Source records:

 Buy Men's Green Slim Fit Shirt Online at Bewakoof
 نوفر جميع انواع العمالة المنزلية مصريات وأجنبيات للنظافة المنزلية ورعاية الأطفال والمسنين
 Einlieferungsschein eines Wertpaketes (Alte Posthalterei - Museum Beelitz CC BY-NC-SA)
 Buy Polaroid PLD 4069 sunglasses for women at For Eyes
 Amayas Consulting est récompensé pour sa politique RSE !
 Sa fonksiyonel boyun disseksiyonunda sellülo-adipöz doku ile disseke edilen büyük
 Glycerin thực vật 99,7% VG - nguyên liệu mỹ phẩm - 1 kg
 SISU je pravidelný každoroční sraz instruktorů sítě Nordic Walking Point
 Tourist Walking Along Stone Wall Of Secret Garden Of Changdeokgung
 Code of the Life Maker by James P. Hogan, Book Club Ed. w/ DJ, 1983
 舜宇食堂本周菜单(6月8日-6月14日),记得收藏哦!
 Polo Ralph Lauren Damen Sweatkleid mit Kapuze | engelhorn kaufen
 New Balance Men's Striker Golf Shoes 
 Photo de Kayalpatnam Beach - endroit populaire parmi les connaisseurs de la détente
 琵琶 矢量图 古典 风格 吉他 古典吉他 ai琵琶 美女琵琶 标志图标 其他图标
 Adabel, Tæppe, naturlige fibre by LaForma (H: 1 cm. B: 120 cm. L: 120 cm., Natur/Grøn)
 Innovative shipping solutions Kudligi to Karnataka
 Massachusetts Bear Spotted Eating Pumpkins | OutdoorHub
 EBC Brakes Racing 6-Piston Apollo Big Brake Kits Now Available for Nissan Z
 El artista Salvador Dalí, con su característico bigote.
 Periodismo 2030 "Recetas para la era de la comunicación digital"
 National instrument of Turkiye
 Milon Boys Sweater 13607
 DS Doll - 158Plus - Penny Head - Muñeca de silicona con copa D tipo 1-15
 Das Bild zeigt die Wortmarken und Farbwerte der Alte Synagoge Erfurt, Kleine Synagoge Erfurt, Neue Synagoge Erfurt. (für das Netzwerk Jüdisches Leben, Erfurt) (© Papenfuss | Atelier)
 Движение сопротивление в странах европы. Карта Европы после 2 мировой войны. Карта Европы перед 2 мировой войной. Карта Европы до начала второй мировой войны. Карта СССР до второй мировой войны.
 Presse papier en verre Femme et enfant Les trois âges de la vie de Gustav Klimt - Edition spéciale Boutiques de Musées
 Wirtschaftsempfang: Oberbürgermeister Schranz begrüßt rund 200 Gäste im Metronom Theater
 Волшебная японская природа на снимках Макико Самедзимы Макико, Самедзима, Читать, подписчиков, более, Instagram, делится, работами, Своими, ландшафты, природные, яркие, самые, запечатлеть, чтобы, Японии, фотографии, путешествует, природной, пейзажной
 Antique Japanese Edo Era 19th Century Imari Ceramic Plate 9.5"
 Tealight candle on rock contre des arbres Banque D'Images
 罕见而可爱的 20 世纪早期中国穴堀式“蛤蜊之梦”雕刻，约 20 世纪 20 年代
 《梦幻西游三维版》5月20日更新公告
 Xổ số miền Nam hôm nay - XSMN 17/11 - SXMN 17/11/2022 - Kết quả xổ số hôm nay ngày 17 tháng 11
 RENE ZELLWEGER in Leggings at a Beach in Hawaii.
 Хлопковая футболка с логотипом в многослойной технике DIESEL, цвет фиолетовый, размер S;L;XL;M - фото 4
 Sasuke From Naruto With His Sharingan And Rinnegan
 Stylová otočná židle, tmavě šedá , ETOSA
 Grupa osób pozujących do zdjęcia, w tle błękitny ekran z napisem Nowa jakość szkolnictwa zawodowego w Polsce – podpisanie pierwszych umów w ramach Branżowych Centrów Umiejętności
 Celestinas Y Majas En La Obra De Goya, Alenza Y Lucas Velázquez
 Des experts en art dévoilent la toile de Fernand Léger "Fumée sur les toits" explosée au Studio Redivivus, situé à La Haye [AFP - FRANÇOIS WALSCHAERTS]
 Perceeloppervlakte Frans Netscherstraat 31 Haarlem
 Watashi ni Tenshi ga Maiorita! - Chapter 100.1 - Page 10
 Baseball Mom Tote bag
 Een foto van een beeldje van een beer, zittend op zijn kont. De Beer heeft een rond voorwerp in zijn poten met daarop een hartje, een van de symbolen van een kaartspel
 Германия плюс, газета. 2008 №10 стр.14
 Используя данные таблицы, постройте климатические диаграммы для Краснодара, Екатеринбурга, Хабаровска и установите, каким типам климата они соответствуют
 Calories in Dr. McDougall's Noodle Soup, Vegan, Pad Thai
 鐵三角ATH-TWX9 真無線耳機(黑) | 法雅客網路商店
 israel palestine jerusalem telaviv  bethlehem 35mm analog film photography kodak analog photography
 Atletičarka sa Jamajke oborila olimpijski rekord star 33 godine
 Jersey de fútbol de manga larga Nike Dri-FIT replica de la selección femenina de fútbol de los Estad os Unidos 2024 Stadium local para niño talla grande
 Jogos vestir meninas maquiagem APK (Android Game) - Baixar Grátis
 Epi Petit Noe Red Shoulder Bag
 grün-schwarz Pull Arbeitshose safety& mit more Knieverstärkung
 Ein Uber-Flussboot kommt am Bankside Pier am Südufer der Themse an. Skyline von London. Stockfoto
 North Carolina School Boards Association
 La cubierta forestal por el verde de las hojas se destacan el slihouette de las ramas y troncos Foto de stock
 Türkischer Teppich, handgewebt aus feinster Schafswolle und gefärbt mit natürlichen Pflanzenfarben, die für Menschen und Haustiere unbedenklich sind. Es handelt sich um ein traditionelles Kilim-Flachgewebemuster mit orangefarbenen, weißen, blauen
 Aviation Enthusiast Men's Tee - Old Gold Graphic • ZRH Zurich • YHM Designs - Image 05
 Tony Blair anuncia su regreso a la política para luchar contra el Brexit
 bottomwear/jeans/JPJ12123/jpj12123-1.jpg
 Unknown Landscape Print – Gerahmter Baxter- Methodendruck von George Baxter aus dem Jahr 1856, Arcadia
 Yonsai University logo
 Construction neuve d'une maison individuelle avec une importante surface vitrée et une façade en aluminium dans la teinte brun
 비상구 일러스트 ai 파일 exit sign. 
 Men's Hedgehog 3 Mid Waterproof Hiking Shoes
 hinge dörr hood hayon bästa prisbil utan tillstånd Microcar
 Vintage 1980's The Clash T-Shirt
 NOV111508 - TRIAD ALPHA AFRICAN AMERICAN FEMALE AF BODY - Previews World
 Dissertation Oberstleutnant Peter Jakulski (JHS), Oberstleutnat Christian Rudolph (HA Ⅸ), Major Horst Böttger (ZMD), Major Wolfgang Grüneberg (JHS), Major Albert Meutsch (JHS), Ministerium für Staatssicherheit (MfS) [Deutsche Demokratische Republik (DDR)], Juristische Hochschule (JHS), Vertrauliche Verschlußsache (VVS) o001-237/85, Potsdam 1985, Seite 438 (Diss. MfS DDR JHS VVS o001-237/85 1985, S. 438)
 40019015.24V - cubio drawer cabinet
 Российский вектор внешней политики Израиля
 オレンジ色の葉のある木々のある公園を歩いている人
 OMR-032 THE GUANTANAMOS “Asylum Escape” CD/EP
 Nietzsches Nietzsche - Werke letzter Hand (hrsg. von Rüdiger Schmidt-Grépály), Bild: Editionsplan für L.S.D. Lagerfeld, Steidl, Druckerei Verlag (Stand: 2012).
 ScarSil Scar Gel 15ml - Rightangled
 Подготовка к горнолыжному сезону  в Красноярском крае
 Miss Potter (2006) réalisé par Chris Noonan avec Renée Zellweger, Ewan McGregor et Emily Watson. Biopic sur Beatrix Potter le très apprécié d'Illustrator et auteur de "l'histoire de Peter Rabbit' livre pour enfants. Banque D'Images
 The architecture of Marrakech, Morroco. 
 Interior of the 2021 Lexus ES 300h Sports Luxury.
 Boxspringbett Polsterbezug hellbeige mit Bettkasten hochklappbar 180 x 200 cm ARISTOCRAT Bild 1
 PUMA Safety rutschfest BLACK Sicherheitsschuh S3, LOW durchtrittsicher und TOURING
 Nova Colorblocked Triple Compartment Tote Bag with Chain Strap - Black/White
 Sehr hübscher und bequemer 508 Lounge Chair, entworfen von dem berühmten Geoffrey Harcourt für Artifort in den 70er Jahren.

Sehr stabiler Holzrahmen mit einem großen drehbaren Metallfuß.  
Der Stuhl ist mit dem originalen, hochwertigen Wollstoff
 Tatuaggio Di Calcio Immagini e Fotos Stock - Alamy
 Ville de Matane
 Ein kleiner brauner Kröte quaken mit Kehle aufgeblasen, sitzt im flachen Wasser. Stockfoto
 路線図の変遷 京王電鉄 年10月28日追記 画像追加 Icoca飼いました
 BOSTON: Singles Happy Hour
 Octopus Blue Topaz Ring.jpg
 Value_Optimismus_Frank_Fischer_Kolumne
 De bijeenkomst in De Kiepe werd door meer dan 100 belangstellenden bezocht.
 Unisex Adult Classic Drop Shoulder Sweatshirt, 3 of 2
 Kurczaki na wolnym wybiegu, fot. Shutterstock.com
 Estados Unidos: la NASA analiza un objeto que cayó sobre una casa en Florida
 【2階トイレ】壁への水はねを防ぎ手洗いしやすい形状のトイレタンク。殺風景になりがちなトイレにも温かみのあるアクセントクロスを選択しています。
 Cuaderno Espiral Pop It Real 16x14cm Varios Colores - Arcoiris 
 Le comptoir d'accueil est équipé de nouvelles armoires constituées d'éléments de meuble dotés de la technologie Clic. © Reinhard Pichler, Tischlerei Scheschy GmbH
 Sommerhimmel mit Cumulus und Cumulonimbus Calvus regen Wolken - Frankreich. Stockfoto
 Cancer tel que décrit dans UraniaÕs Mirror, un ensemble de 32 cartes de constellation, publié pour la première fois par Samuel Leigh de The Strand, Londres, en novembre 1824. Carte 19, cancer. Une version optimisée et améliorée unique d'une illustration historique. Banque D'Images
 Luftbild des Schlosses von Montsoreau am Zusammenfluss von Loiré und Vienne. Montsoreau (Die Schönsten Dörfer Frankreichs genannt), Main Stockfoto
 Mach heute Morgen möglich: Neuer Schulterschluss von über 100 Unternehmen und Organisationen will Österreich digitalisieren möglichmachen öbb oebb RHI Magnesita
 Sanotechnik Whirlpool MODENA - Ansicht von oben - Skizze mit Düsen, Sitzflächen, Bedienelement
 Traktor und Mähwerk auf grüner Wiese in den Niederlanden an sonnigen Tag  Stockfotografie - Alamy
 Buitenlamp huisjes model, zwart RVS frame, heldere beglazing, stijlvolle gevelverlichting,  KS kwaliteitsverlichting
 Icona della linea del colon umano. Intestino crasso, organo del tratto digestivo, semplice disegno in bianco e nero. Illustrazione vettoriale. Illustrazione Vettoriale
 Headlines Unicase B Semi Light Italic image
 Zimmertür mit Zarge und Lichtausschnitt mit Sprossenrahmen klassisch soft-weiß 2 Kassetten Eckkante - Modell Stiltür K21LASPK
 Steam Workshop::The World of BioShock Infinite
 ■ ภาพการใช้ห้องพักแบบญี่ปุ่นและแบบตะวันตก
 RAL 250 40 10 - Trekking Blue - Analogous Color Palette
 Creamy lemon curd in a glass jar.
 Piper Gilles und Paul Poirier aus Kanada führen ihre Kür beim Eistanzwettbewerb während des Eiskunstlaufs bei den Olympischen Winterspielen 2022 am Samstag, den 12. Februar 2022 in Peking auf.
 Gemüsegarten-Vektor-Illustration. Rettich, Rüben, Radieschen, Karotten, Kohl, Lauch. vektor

• AIM OF THE TASK:
Lines that hold "Unidos" are the ones to copy, so pick each out from the data.

• RESULT FOR THIS EXERCISE:
 Jersey de fútbol de manga larga Nike Dri-FIT replica de la selección femenina de fútbol de los Estad os Unidos 2024 Stadium local para niño talla grande
 Estados Unidos: la NASA analiza un objeto que cayó sobre una casa en Florida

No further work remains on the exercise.